In his reaction, Mlaba denied there was any tension between himself and Sutcliffe.

After being questioned about his alleged interest in the Bisasar Road project, Mlaba declined to make further comment and withdrew an earlier statement, saying: “Bring all the documents you have to me and I will respond to your questions properly. I don’t deal in tensions, I deal in principles.”

At the heart of the latest extraordinary tale to rock eThekwini is the city’s call for the Bisasar project early in 2008.

Three companies were shortlisted as preferred bidders: EWS (Environmental Waste Solutions); the Durban-based Re-ethical Environmental Re-engineering (commonly known as re-) and the JSE-listed Interwaste Holdings.

EWS was the trading name given to a shelf company bought by Wardrop for the project.

“Sixty percent of the company belonged to me, 20 percent to the Obed Mlaba Family Trust - Obed was one of our silent partners - and 20 percent to Bheki Mtolo, who was introduced to me by Mlaba,” Wardrop told The Mercury.

“I was told the way they had done it was all above board and straight. Obed told everybody that after his retirement ‘this is what I am going to do; this is my hobby’.”

However, Wardrop claims that, unbeknown to him, a local estate agent, Leon Boshoff, whom he befriended when buying a house in Durban, allegedly muscled in on the bid without his knowledge.

Boshoff, together with the mayor’s daughters, Thandeka and Thabiso, among others, then registered a second company called Our Environmental Waste Solutions (Pty) Ltd.

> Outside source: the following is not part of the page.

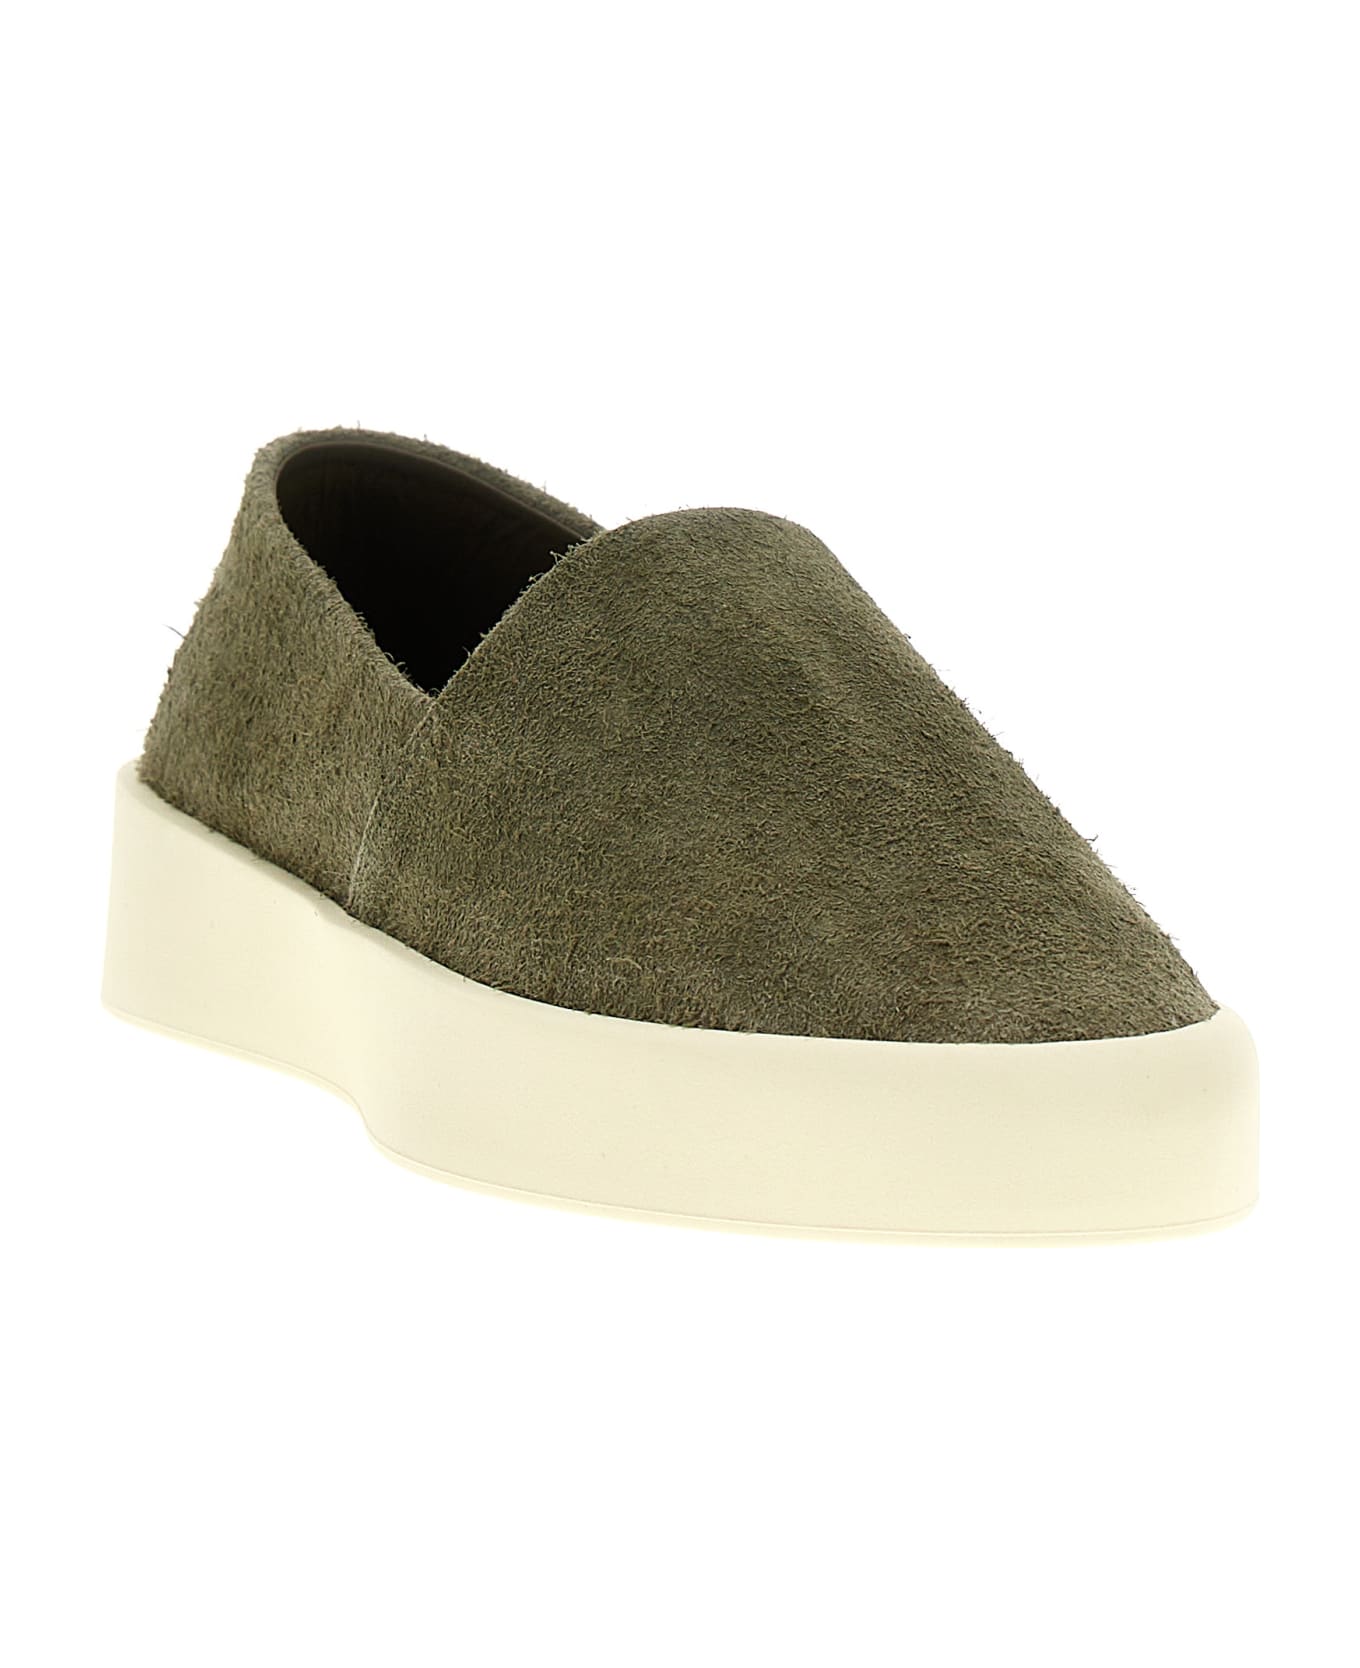 Fear of God 'espadrille' Sneakers - Green スニーカー

This is confirmed by a company search of the Cipro database, which gives the registration date as November 26, 2009. However, both Boshoff and Thandeka Mlaba resigned as directors the day after the company was registered. Thabiso Mlaba remains listed among the directors.

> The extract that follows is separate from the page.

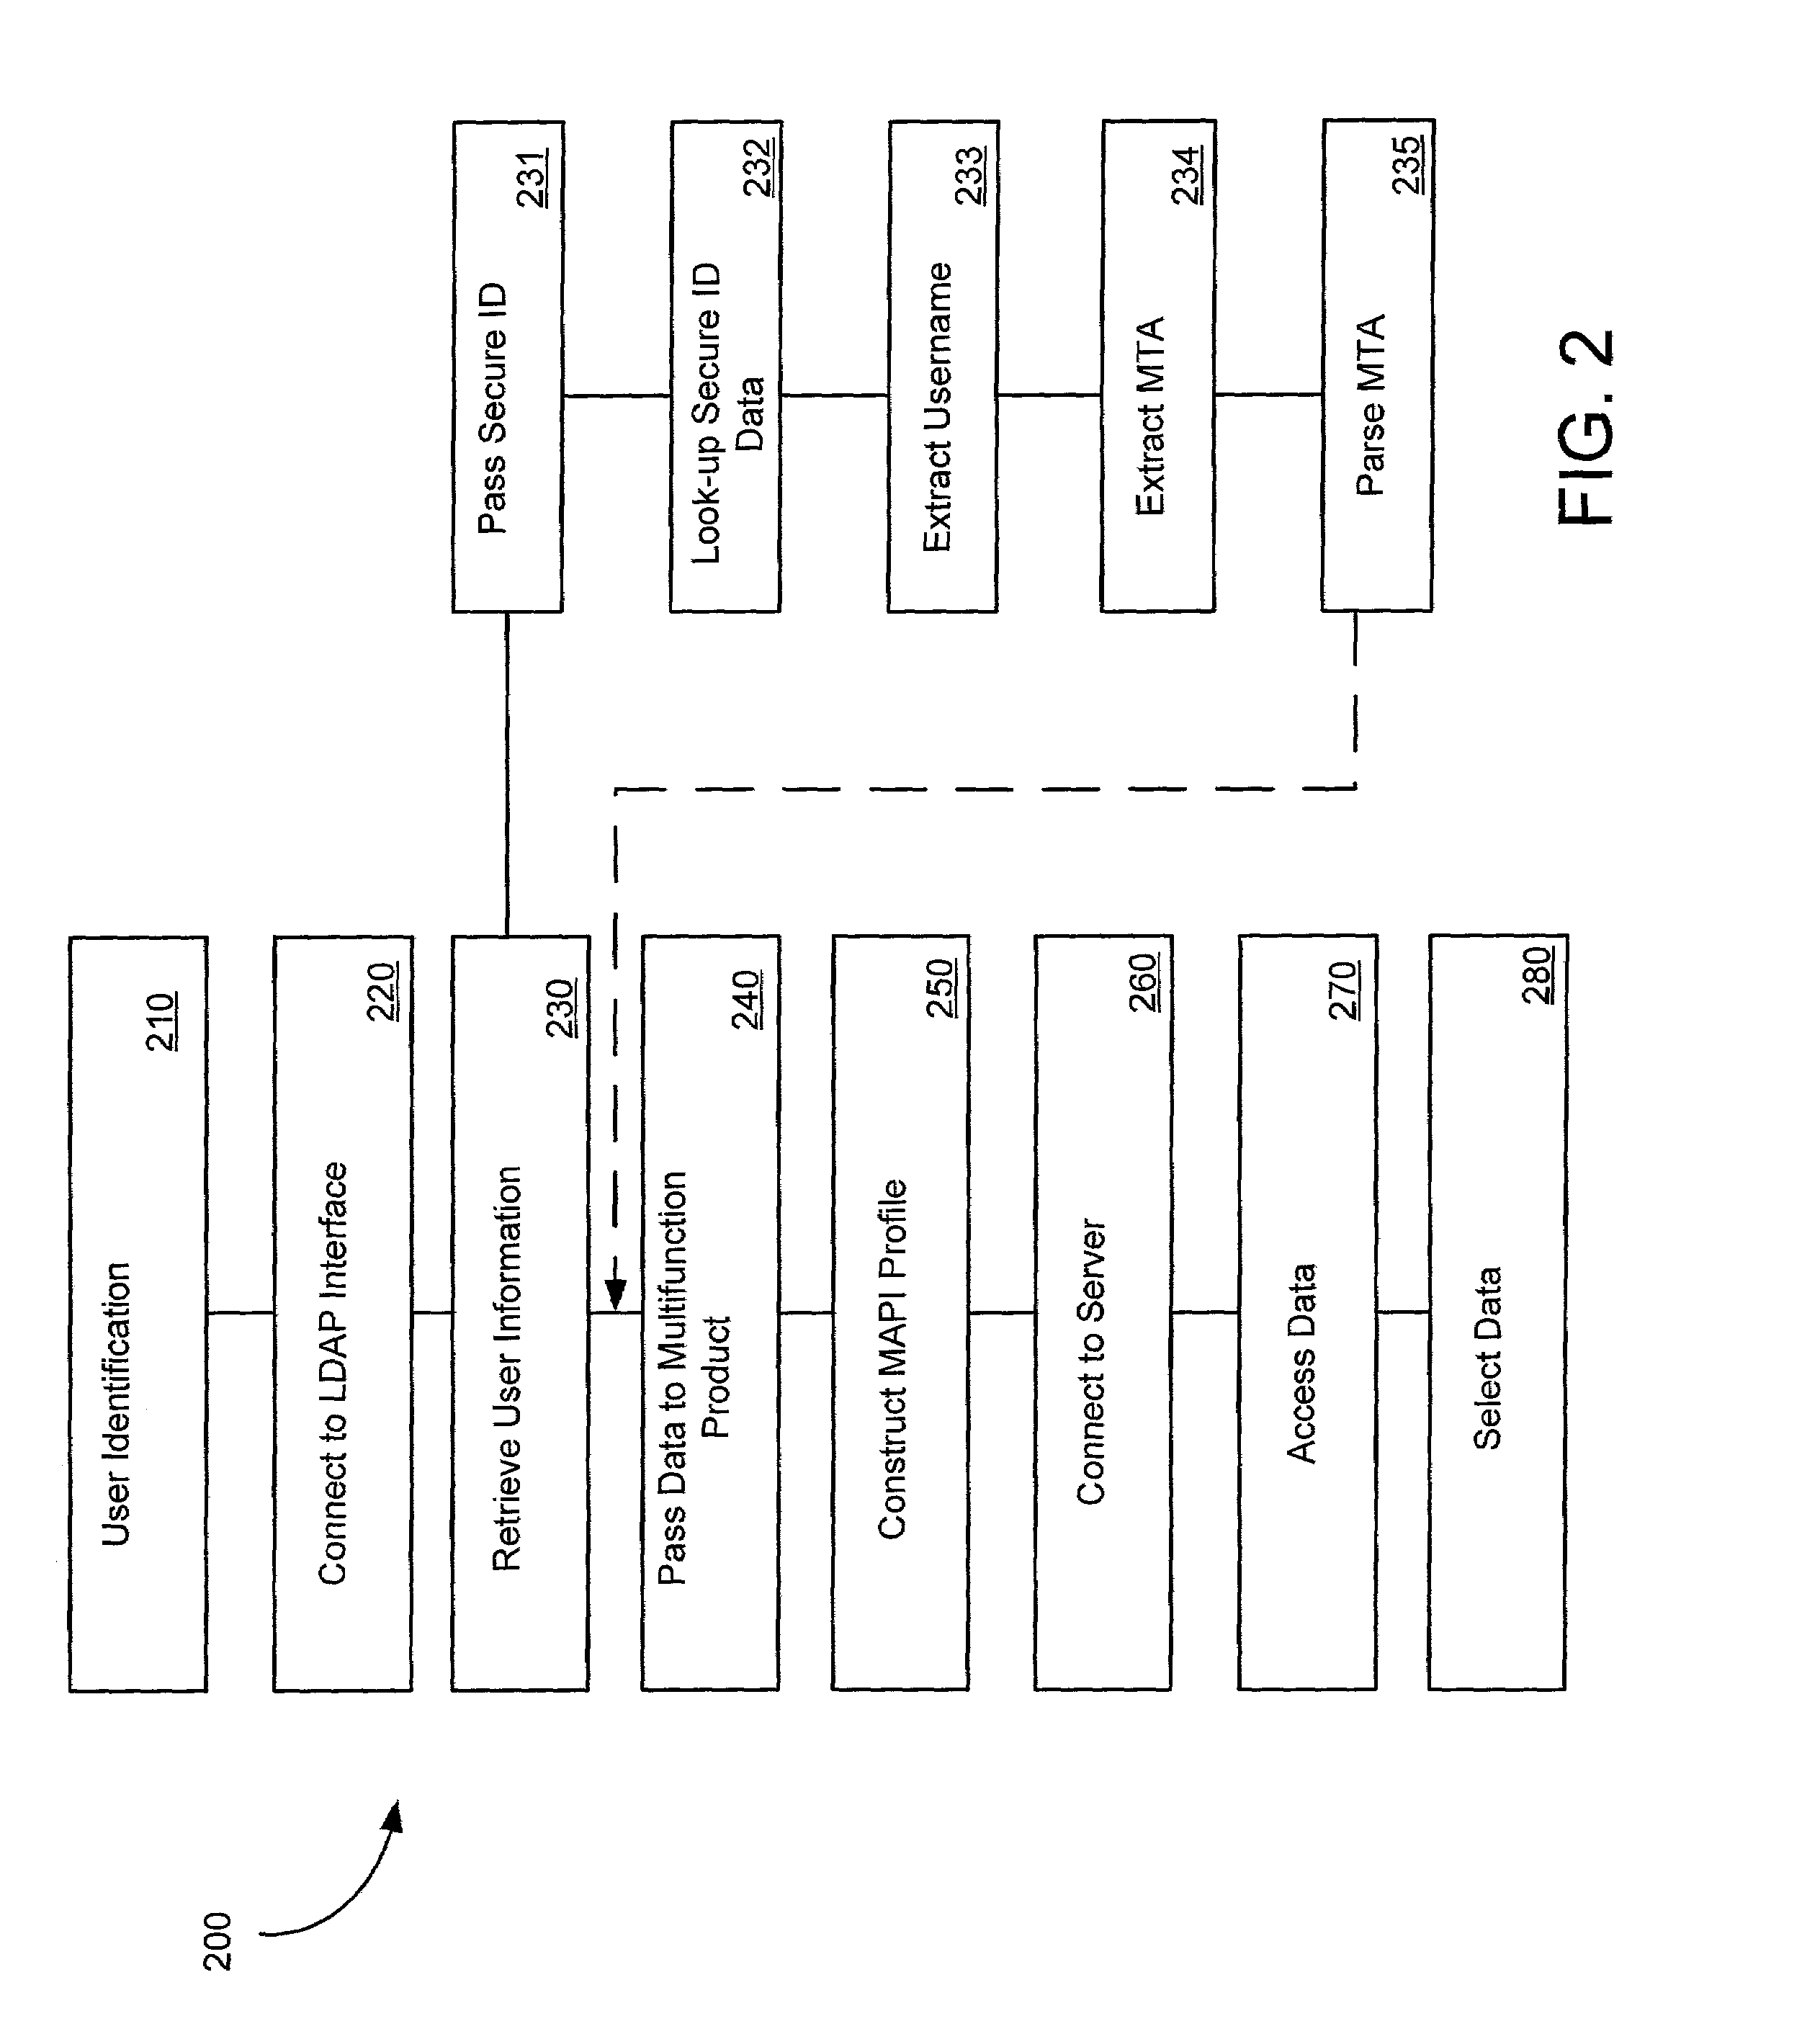 Method and system for obtaining a user's personal address information

Wardrop also claims that Boshoff represented himself to the city as a director of the original EWS company

“Boshoff told everyone I had been sacked. EWS was my company; how could I be sacked?” said Wardrop.

Meanwhile, Boshoff also approached re-, the company that was expected to win the bid, to set up a partnership for the lucrative job. This was confirmed to The Mercury by Tadek Tomaszewski, the managing director of re-.

On November 30, 2009, Obed Mlaba chaired a meeting with Tomaszewski and also asked for a partnership deal.

“I offered them a 50/50 partnership, but Mtolo said 60/40. Ten percent, he said, had to go to the ANC,” Tomaszewski said.

During the meeting Mlaba referred to the project as “his retirement plan”, Tomaszewski said.

Despite repeated and documented misgivings expressed by DSW officials and a French Development Bank expert, EWS was nevertheless identified as the preferred bidder.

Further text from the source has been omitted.